(Photo: Hunger in Hyderabad, India, 2008. "Villagers near the city of Hyderabad recently jostled for rice that was being sold by government officials." Kirshnendu Halder/Reuters, (c) The New York Times Company.)
Welcome to the 21st century. Food shortages leads to price increases leads to hunger leads to civil unrest leads to - revolutions - or societal collapse. We've seen societal collapse in the ancient (and not so ancient) past due to droughts, shifting rivers, volcanic eruptions that disrupted the growing seasons for 2-3-4 years due to increased suspended particulate, leading to famine and starvation. What resulted was NOT pretty.
So, what will be the responses of modern-day national governments? Price controls and rationing? Mass starvation? I remember Biafra and the hopeless, overwhelmed feeling you get when confronted with such a castastrophe unfolding before your eyes on television. So, you gave then and give what money you can now and don't see that it's making any difference. Millions died. Millions are still dying every year due to malnutrition.
The "extra" I used to have from which to give to charity has disappeared. My salary increase for 2008 was 3% - and that has to hold me until my next "review" at the beginning of 2009. My utility bills are going up by 20 to 30% even as I type this and my grocery bill has increased by a good 10 to 15% just over the past 6 months. So, there is no "extra" anymore to give to charity.
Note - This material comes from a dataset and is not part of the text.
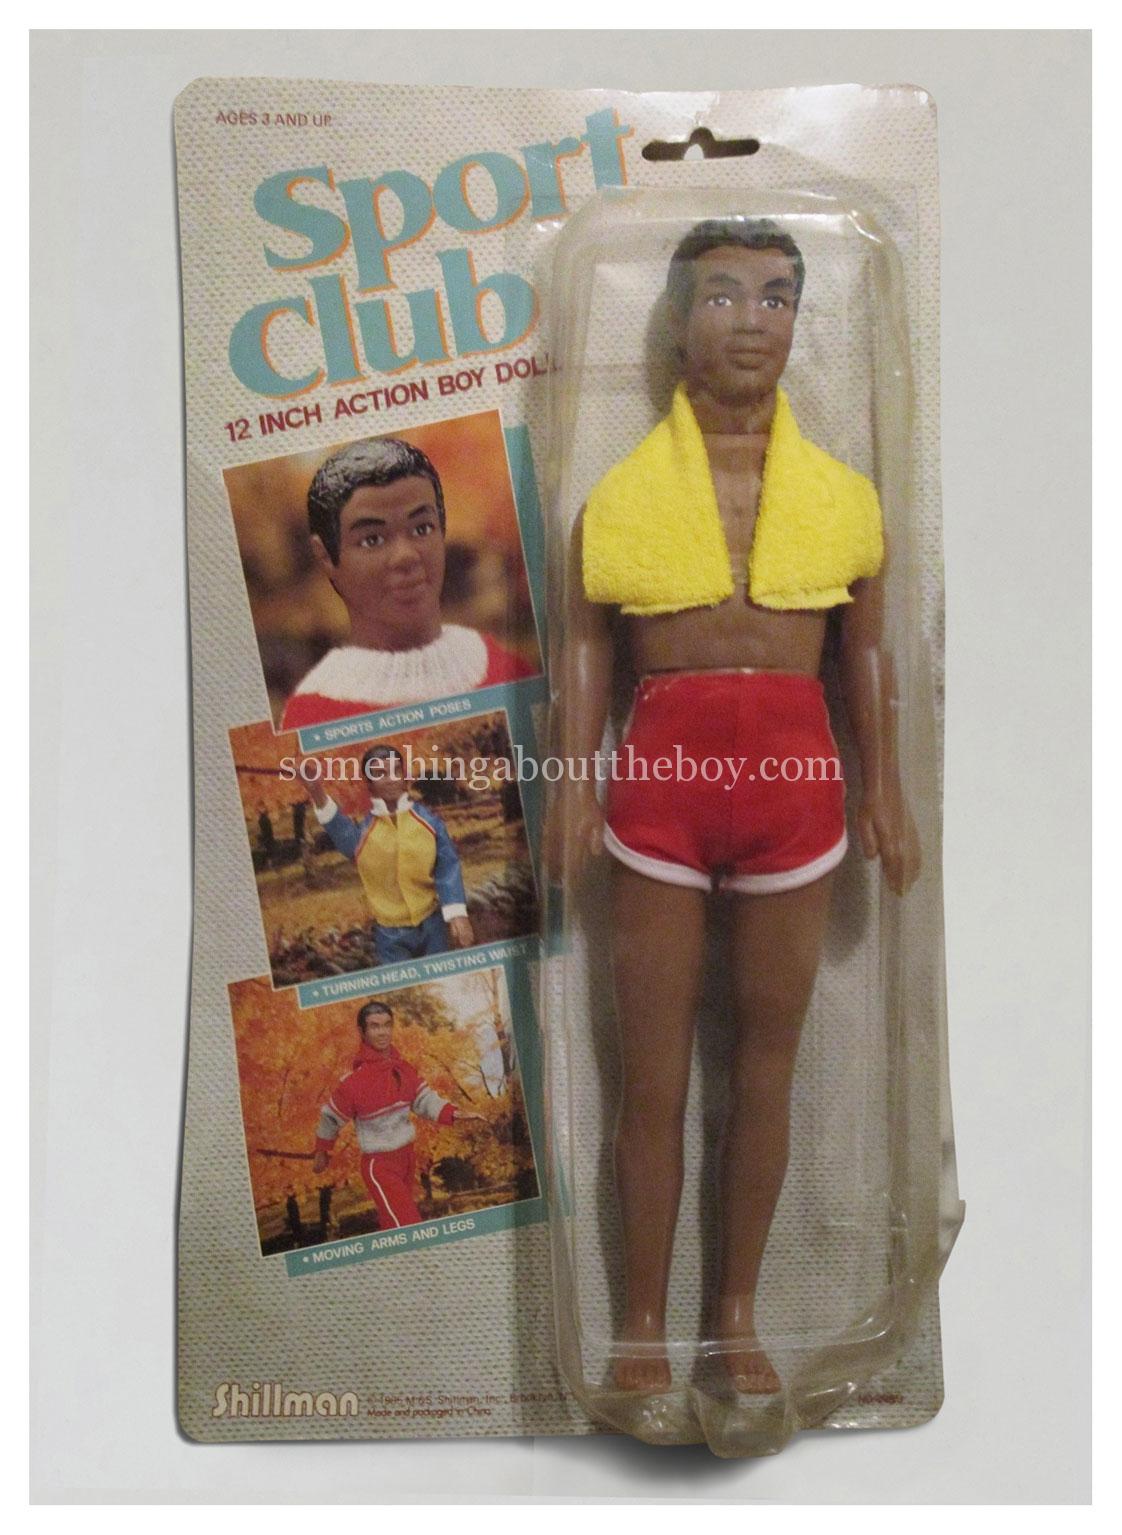 1984 Sport Club boy doll by Shillman
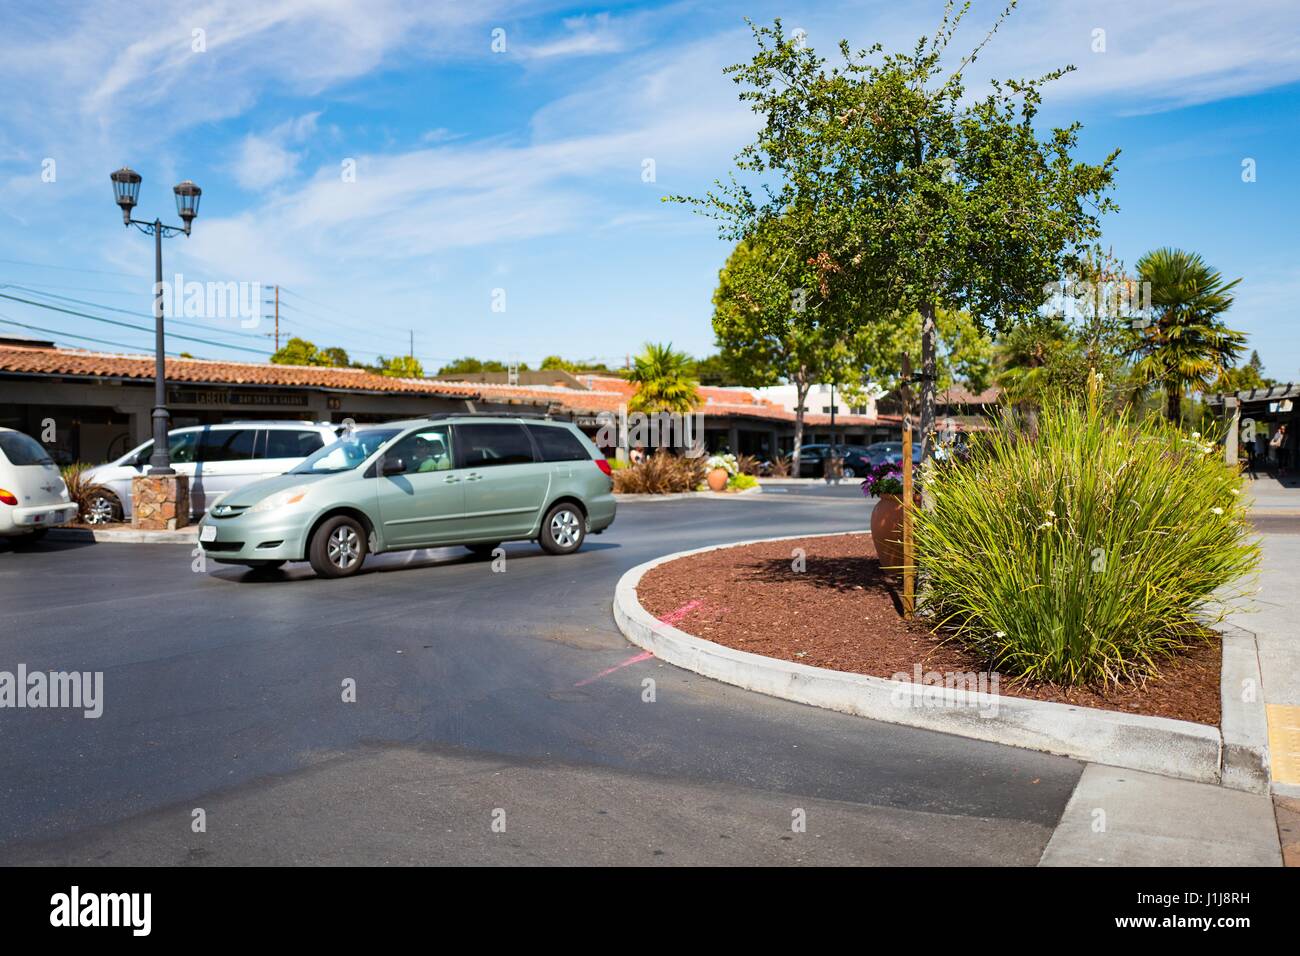 Un minibus passe par le stationnement de la ville et centre commercial du pays dans la Silicon Valley ville de Palo Alto, Californie, le 3 septembre 2016. La ville et la campagne était parmi les premiers centres commerciaux construits à Palo Alto. Banque D'Images

I do not understand why people keep having children whom they cannot possible feed? I do not understand this kind of mindset, popping out babies like there is no tomorrow - and very likely will not be for many millions of children. Children - always the most helpless are the victims. I suspect we're just beginning to see the tip of the iceberg here...
Here are a few of the recent articles about the "suddenly upon us" food crisis:
(More than 20,000) Mongolians flood capital to protest food prices
Friday April 18, 9:40 am ET
Thousands of Mongolians stage protest in capital over rising food prices
***If they're protesting in Mongolia, there must be food shortages and rising prices next store in China, too, particularly at the rate that illegal developers have been gobbling up farm land with the wink wink collusion of the local Communists who pay no attention to whatever is going on in Bejing. Will we hear about that unrest - probably not, given the Communist government's control of the media. This is really ironic, given the fact that some Chinese are protesting the western media's alleged bias against China in the coverage on Tibet and have gone so far as to put up a website decrying that bias and pointing out alleged instances of bias (no doubt complete with Photoshopped pictures to support their version of the "facts.") Of course those Chinese (whoever they are - supposedly students here in the US) say nothing about their own country's 1984 control of the media and mass brainwashing of the Chinese people. They have no access to free and unfettered media so how could anyone living in China possibly have an informed opinion on anything? So then, will they starve quietly into their graves and solve a large part of the world's problem of "excess population" (a term used in by Scrooge in Dickens' "A Christmas Carol")? Somehow, I don't think so...***
The Food Chain
A Drought in Australia, a Global Shortage of Rice
By KEITH BRADSHER
Published: April 17, 2008
The collapse of Australia’s rice production is one of several factors contributing to a doubling of rice prices in the last three months — increases that have led the world’s largest exporters to restrict exports severely, spurred panicked hoarding in Hong Kong and the Philippines, and set off violent protests in countries including Cameroon, Egypt, Ethiopia, Haiti, Indonesia, Italy, Ivory Coast, Mauritania, the Philippines, Thailand, Uzbekistan and Yemen.
U.N. Panel Urges Changes to Feed Poor While Saving Environment
By STEVEN ERLANGER
Published: April 16, 2008
“Modern agriculture will have to change radically if the international community wants to cope with growing populations and climate change, while avoiding social fragmentation and irreversible deterioration of the environment...”
The prices of basic food like rice, wheat and corn have been rising sharply, setting off violent popular protests in countries including Haiti, Egypt, Cameroon, Ivory Coast, Mauritania, Ethiopia, Uzbekistan, Yemen, the Philippines, Thailand, Indonesia and Italy. The unrest has resulted in tens of deaths and helped lead to the dismissal on Saturday of the Haitian prime minister, Jacques-Édouard Alexis, and the increasing cost of subsidizing bread prices is a major worry for key American allies like President Hosni Mubarak of Egypt.
Across Globe, Empty Bellies Bring Rising Anger
By MARC LACEY
Published: April 18, 2008
“This is a perfect storm,” President Elías Antonio Saca of El Salvador said Wednesday at the World Economic Forum on Latin America in Cancún, Mexico. “How long can we withstand the situation? We have to feed our people, and commodities are becoming scarce. This scandalous storm might become a hurricane that could upset not only our economies but also the stability of our countries.”